In addition to binding lipoproteins, SR-BI can mediate selective lipoprotein cholesterol uptake.⁵ Selective lipid uptake was initially discovered during analysis of HDL metabolism in vivo in rodents. Selective uptake involves cholesterol delivery from plasma HDL to tissues (especially the liver and steroidogenic tissues) without HDL particle degradation.^18,19 Studies using purified SR-BI reconstituted into artificial liposomes have established that SR-BI by itself can mediate HDL binding and selective lipid uptake without the requirement of other proteins or specialized cellular structures.²⁰ Additionally, SR-BI–mediated uptake of lipids other than cholesterol, including phospholipids, triglycerides, and -tocopherol, has been described.⁶ Additional analysis of SR-BI–mediated selective uptake has indicated that SR-BI facilitates lipid uptake by a two-step mechanism involving an initial productive lipoprotein binding step followed by an efficient lipid transfer step.^12,14,21,22 Additional studies will be required to determine if, in some tissues, SR-BI–mediated retroendocytosis of HDL particles during selective lipoprotein cholesteryl ester uptake also plays a role in this process.²³ The detailed molecular interactions between lipoproteins and SR-BI that result in productive binding and lipid transport remain to be established. The recent discovery of chemical inhibitors of the transfer of lipids mediated by SR-BI should provide new mechanistic insights into this lipid uptake pathway.²²

In some types of cultured cells, SR-BI seems to be concentrated in plasma membrane caveolae.⁶ It has been reported that caveolae are the sites where SR-BI–mediated selective cholesterol uptake occurs before irreversible internalization of cholesterol into intracellular compartments.²⁴ The formation of a caveolin-containing multiprotein complex may participate in the transport of cholesteryl esters taken up via SR-BI from the cell surface into intracellular membranes.²⁵ However, recent studies in some cell types have suggested that expression of one major form of caveolin, caveolin-1, which is a principle protein component of many caveolae, does not affect²⁶ or decreases^27,28 SR-BI–mediated selective uptake of HDL lipids and that localization of SR-BI in caveolae-like domains may not be required for SR-BI–mediated selective cholesteryl ester uptake.^20,29 SR-BI expression induces the formation of specialized structures called microvillar channels in cultured cells and in steroidogenic tissues in vivo.^30,31 These structures seem to be the sites of SR-BI–mediated selective uptake in these cells. The roles of diverse specialized membrane domains in SR-BI–mediated lipid transport between HDL and cells remain to be defined.

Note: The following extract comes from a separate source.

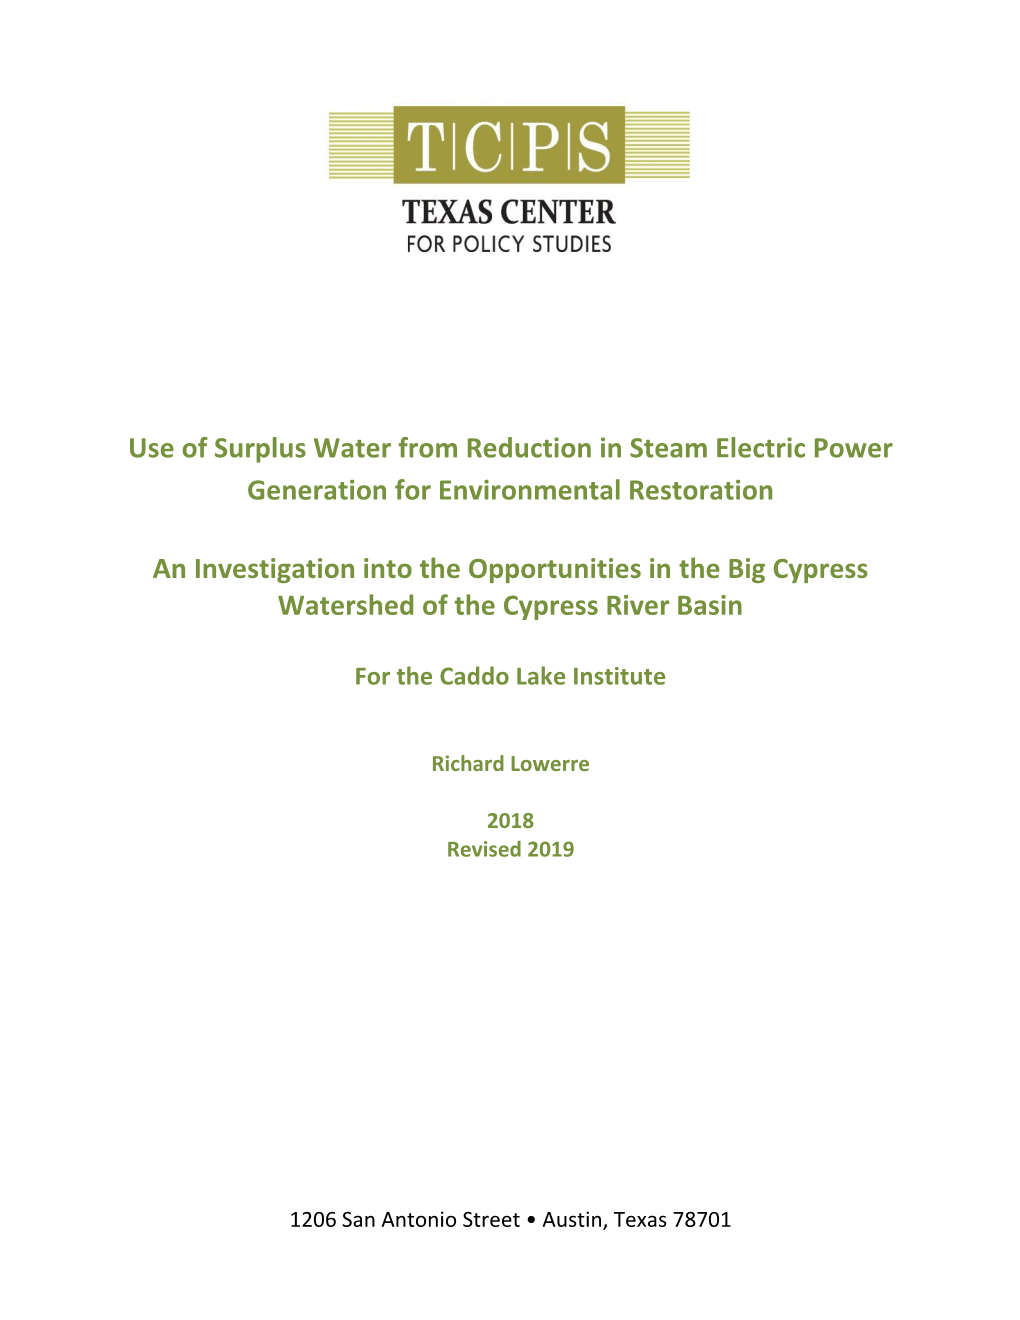 Use of Surplus Water from Reduction in Steam Electric Power Generation for Environmental Restoration an Investigation Into the O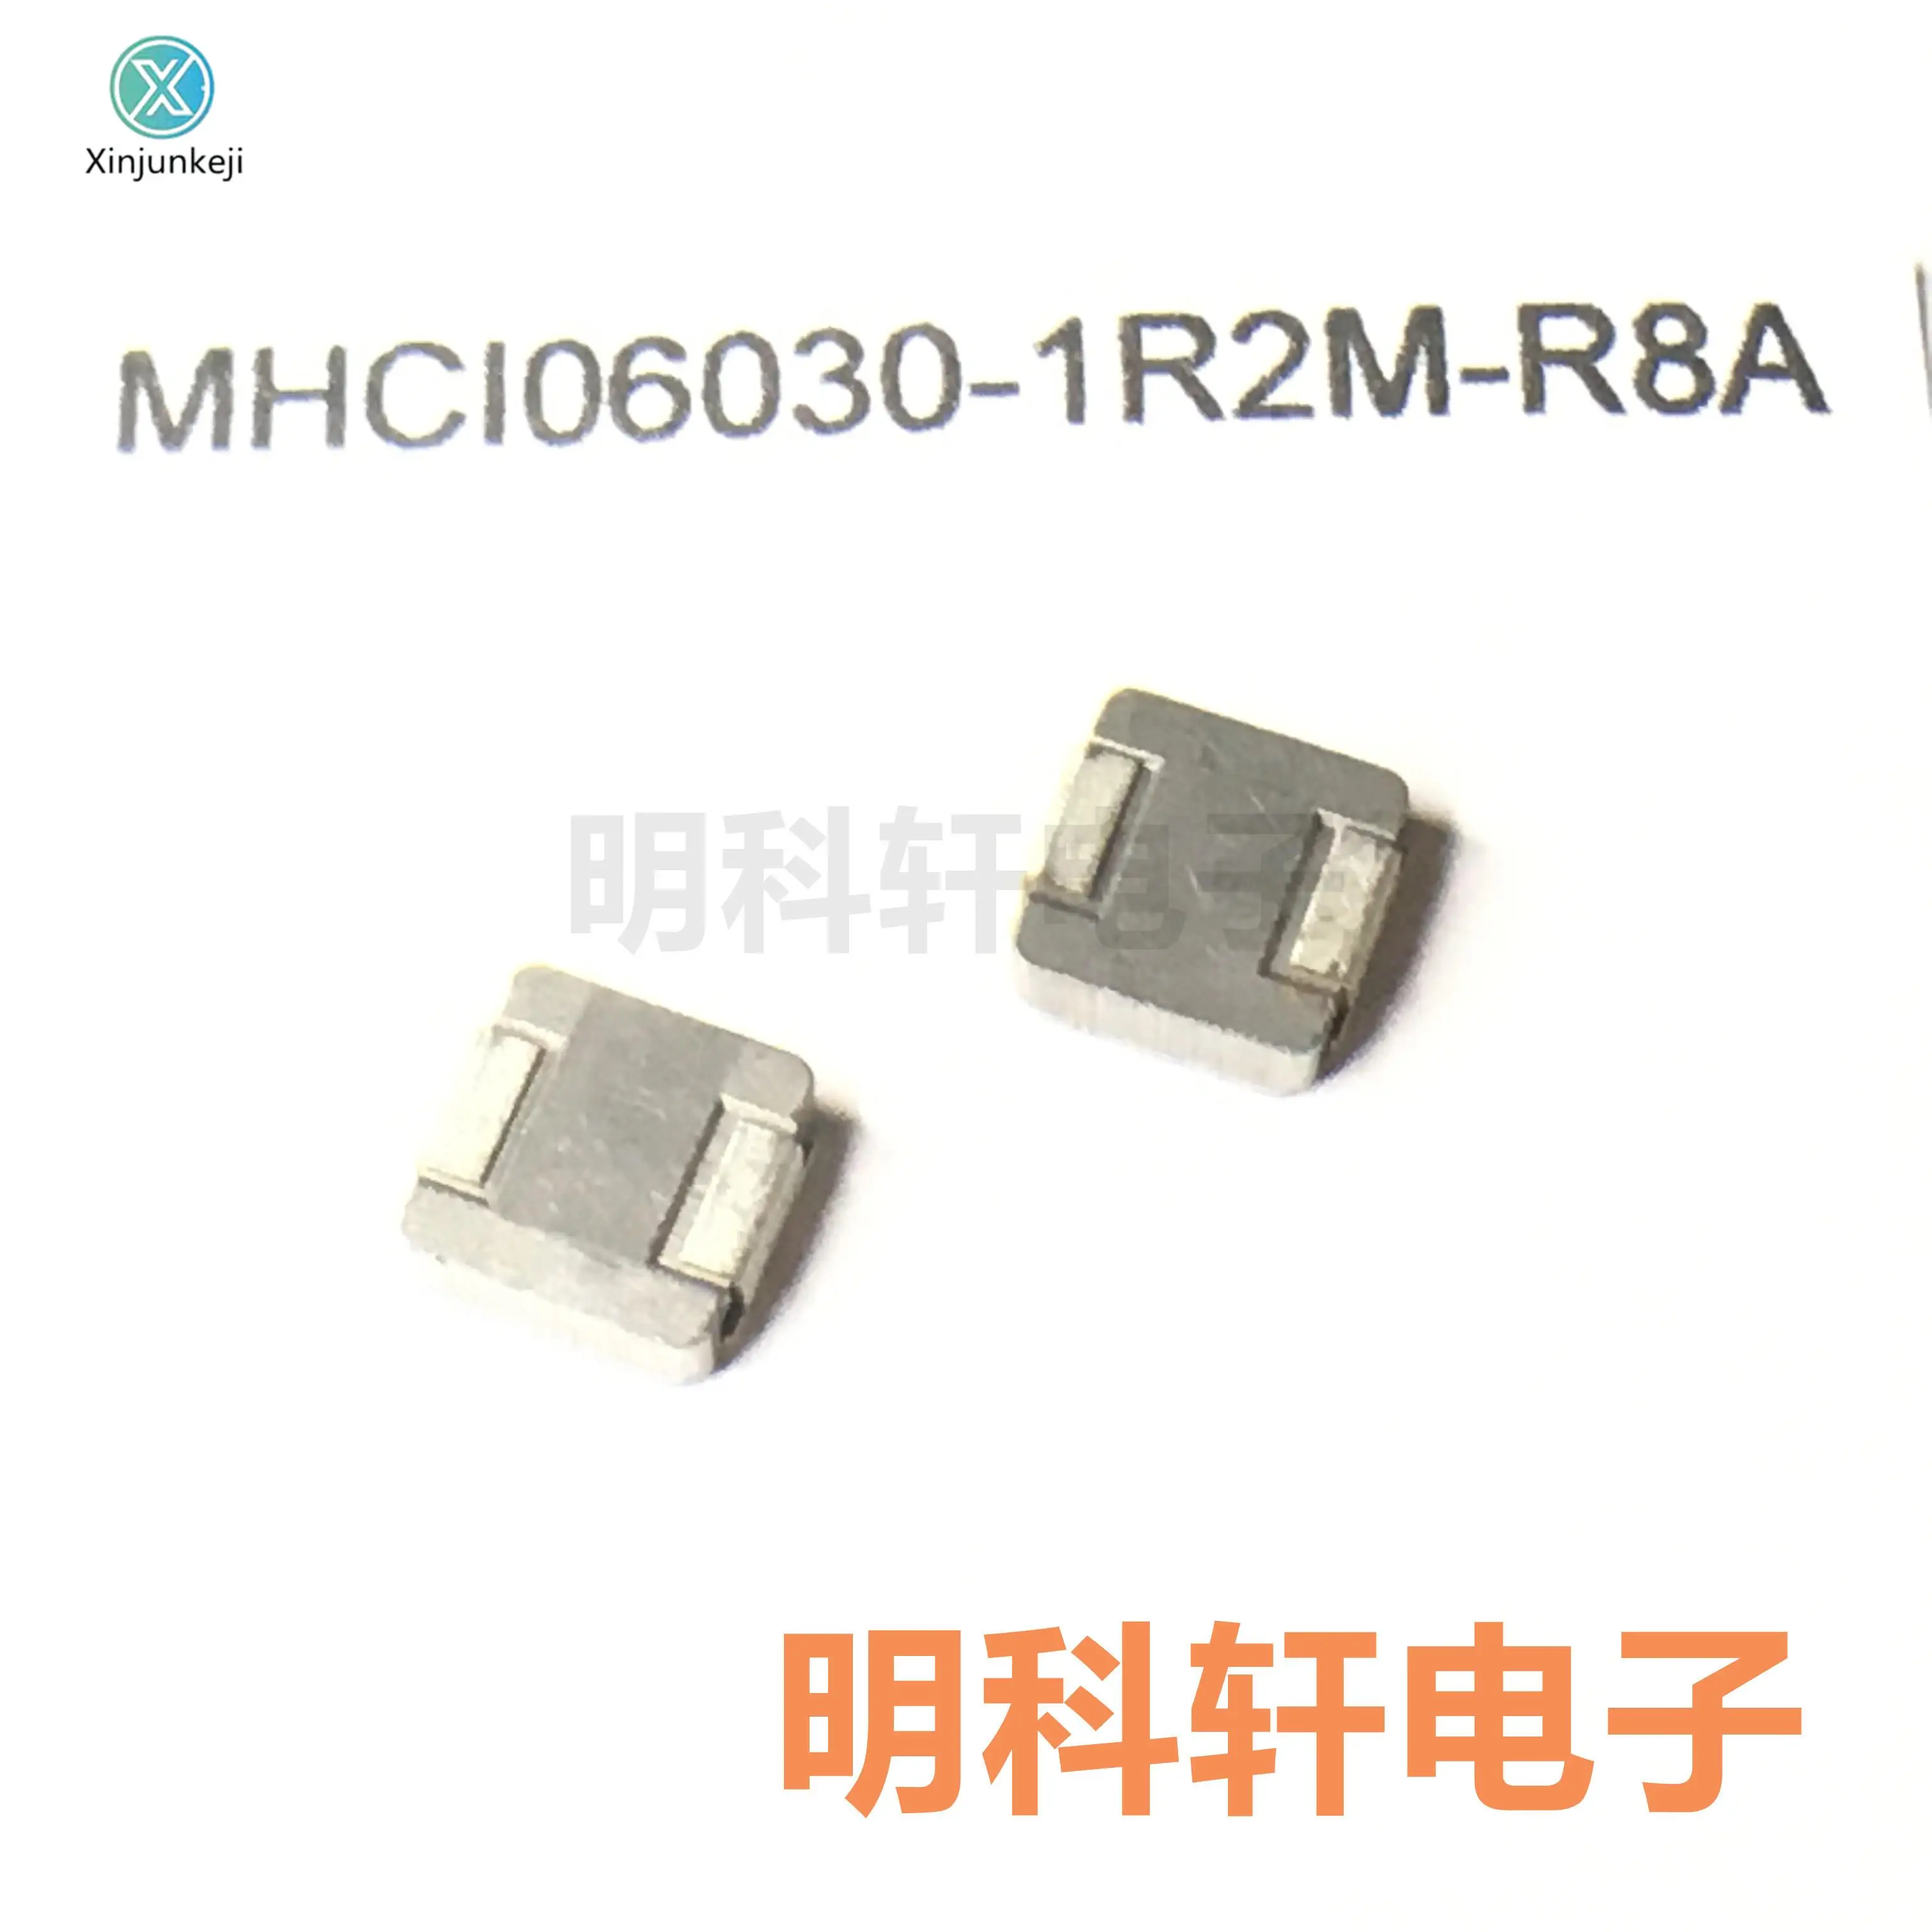 

10pcs orginal new MHCI06030-1R2M-R8A SMD integrated inductor 1.2UH 7*7*3

In addition to mediating selective lipid uptake from lipoproteins to cells, SR-BI can mediate the bidirectional movement of unesterified cholesterol between lipoproteins and cells, the extent of which seems to depend on the cholesterol concentration gradient between HDL particles and the plasma membrane.^32,33 Indeed, the expression levels of SR-BI correlate with the rate of free cholesterol efflux to HDL in a wide variety of cell lines.³² However, the relevance of SR-BI–mediated cholesterol efflux for HDL metabolism in vivo remains to be determined.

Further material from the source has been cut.